## [Assignment]
Your reply should be the records below, duplicated exactly, with any picture removed.

** Opening Data to examine block **

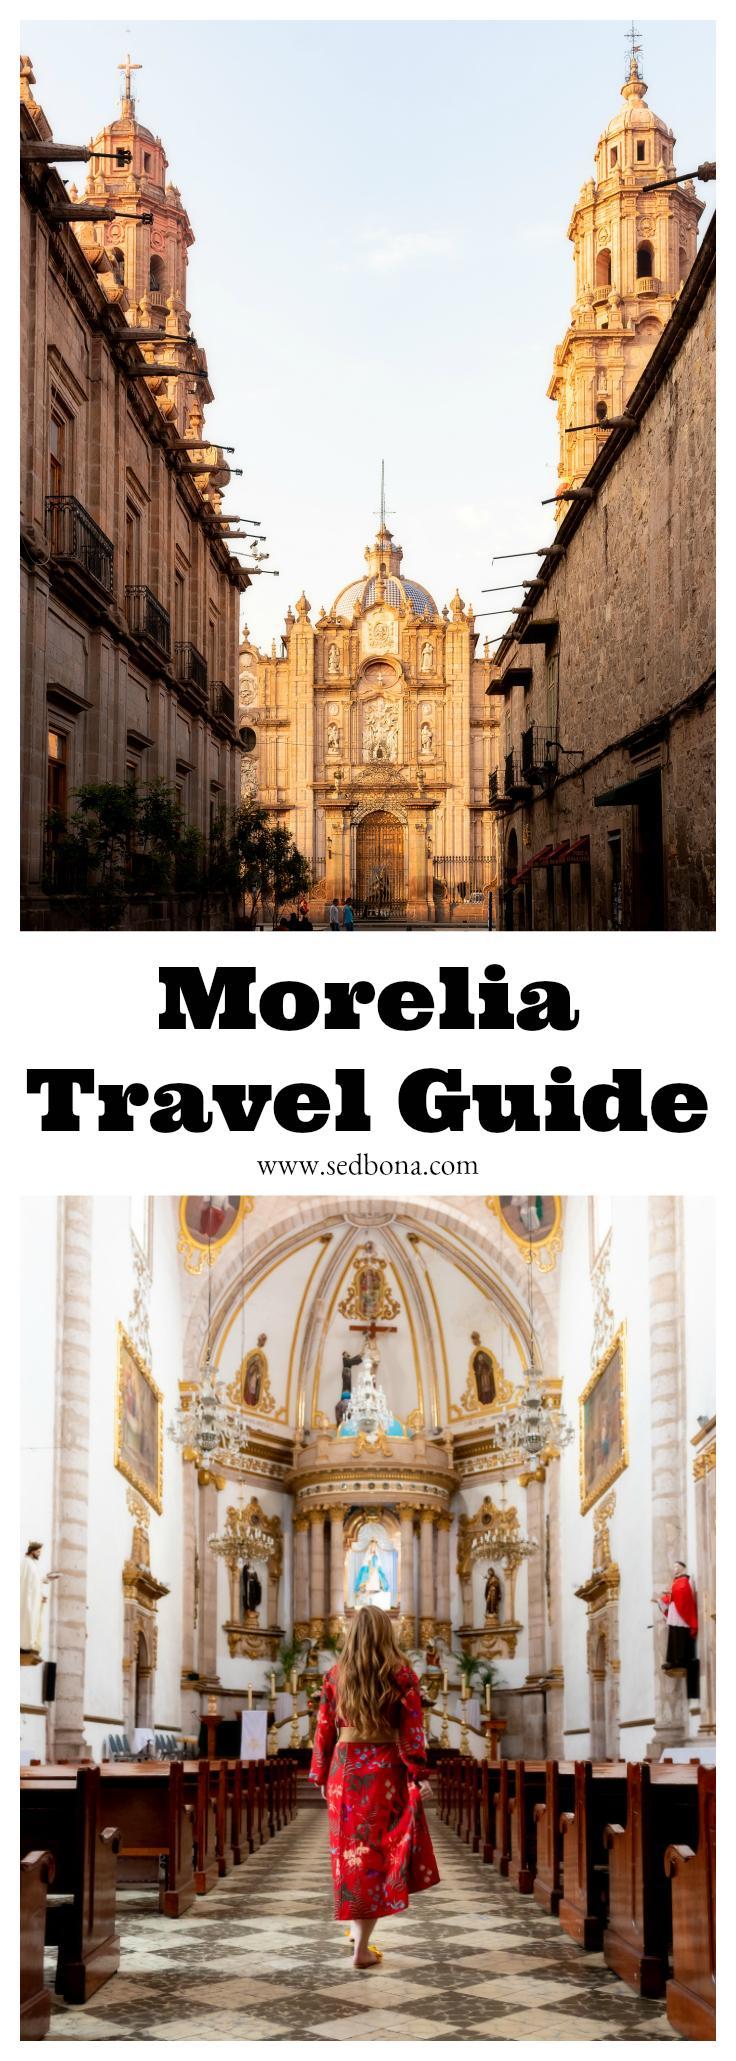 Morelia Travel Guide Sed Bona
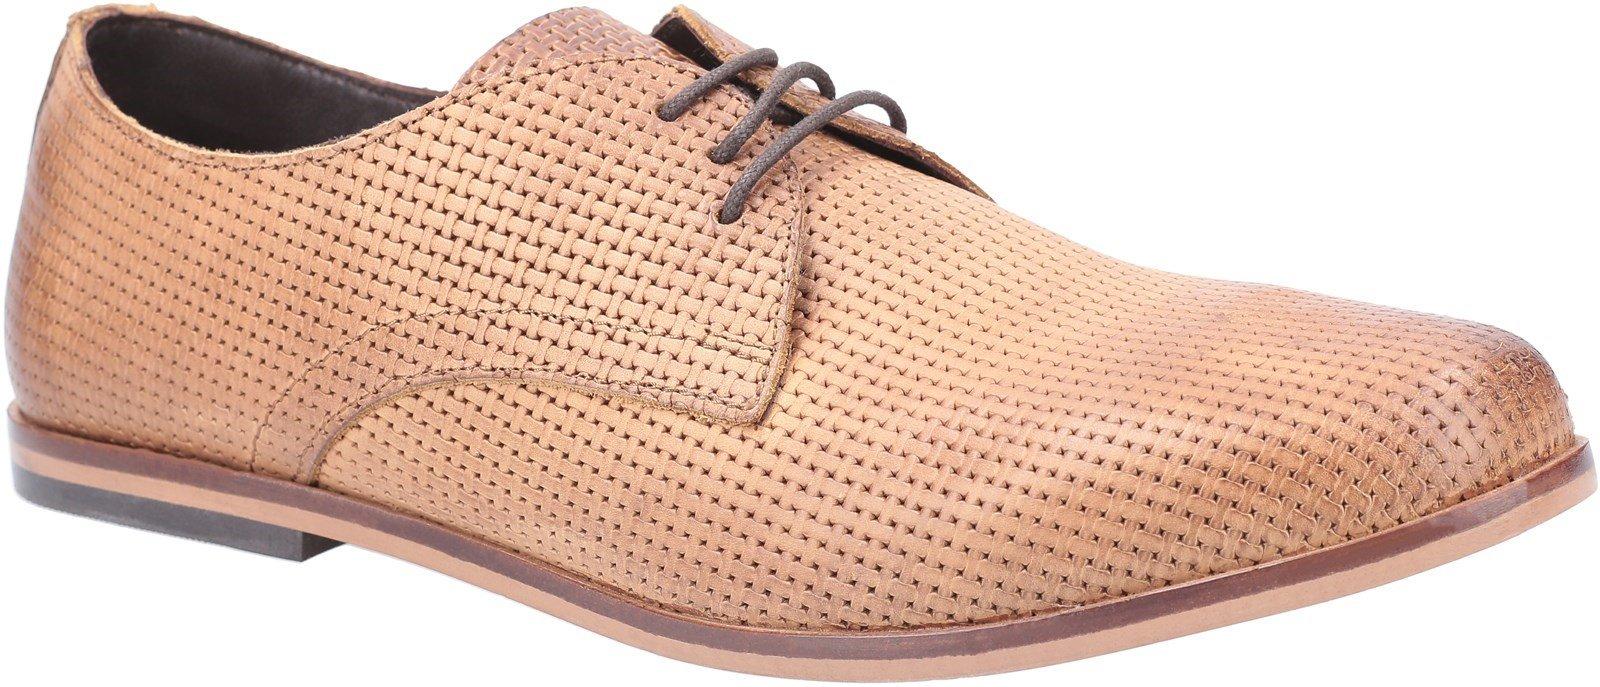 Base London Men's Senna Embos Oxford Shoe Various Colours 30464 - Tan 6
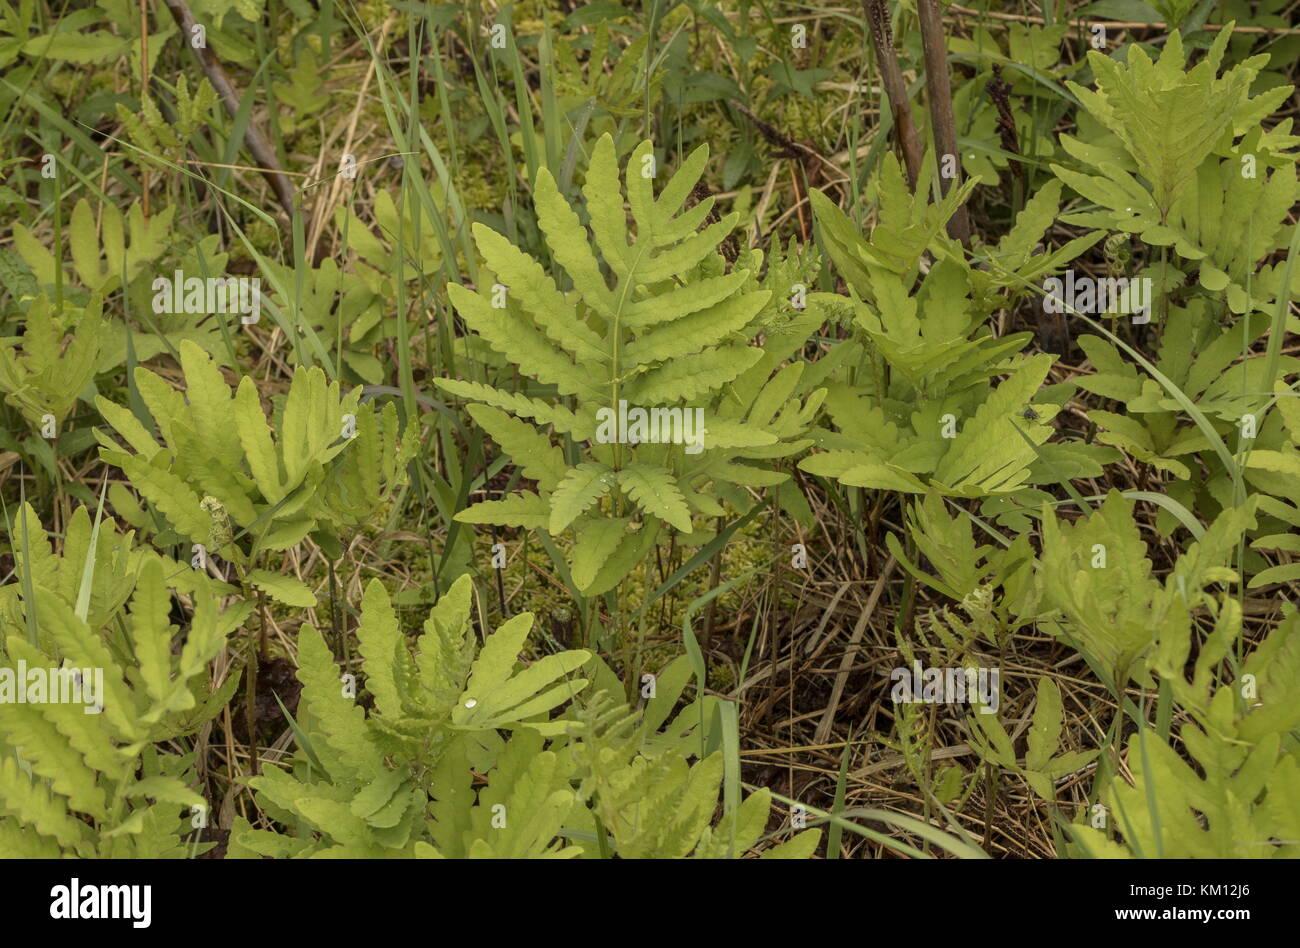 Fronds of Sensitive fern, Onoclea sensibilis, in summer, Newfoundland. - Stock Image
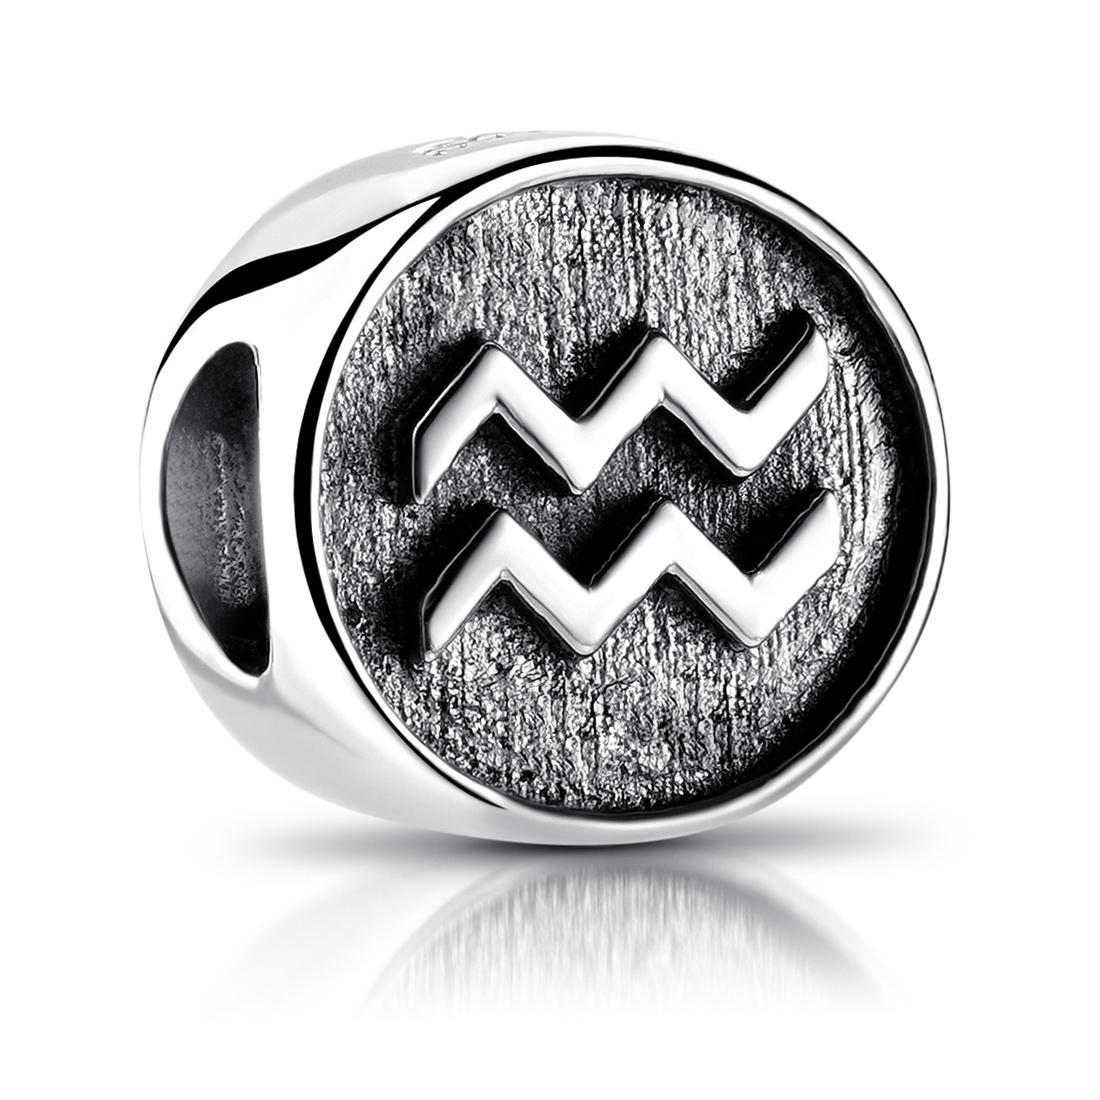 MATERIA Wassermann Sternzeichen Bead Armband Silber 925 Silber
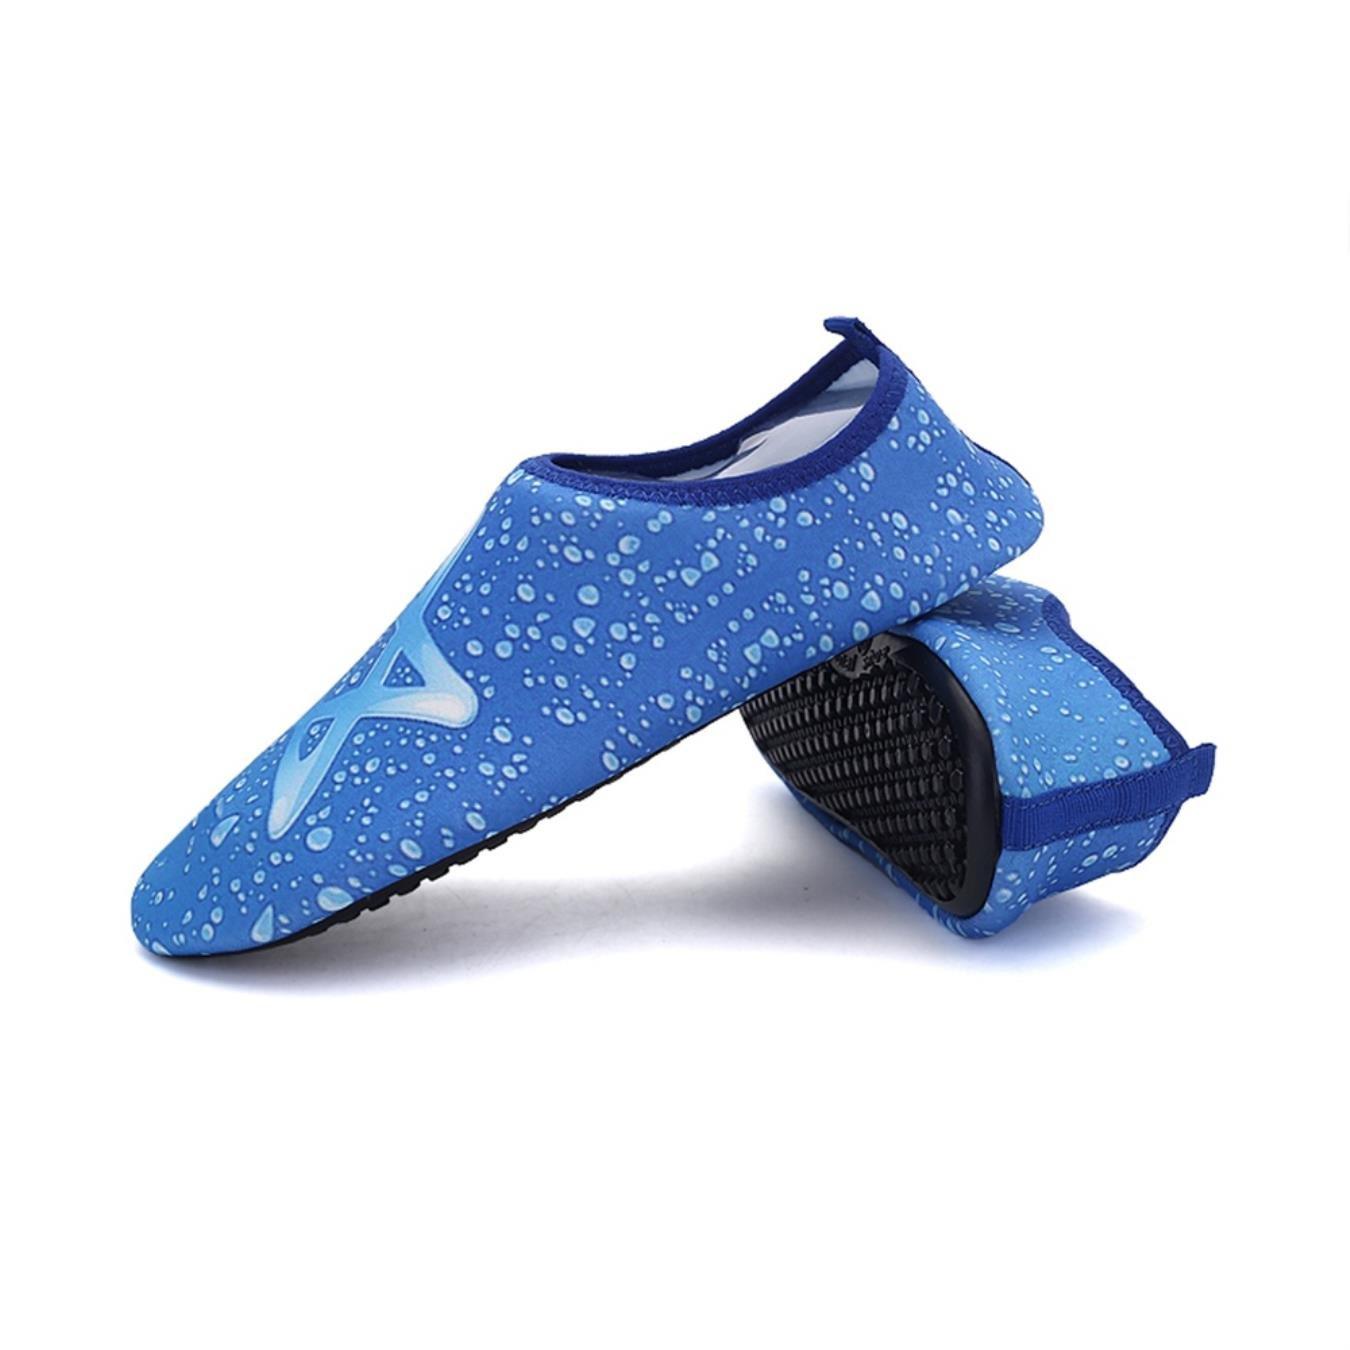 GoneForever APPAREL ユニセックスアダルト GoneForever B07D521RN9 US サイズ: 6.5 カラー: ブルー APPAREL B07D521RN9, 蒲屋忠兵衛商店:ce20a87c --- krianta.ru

** Closing Data to examine block **

## [Exercise solution]
 Morelia Travel Guide Sed Bona
 Base London Men's Senna Embos Oxford Shoe Various Colours 30464 - Tan 6
 Fronds of Sensitive fern, Onoclea sensibilis, in summer, Newfoundland. - Stock Image
 MATERIA Wassermann Sternzeichen Bead Armband Silber 925 Silber
 GoneForever APPAREL ユニセックスアダルト GoneForever B07D521RN9 US サイズ: 6.5 カラー: ブルー APPAREL B07D521RN9, 蒲屋忠兵衛商店:ce20a87c --- krianta.ru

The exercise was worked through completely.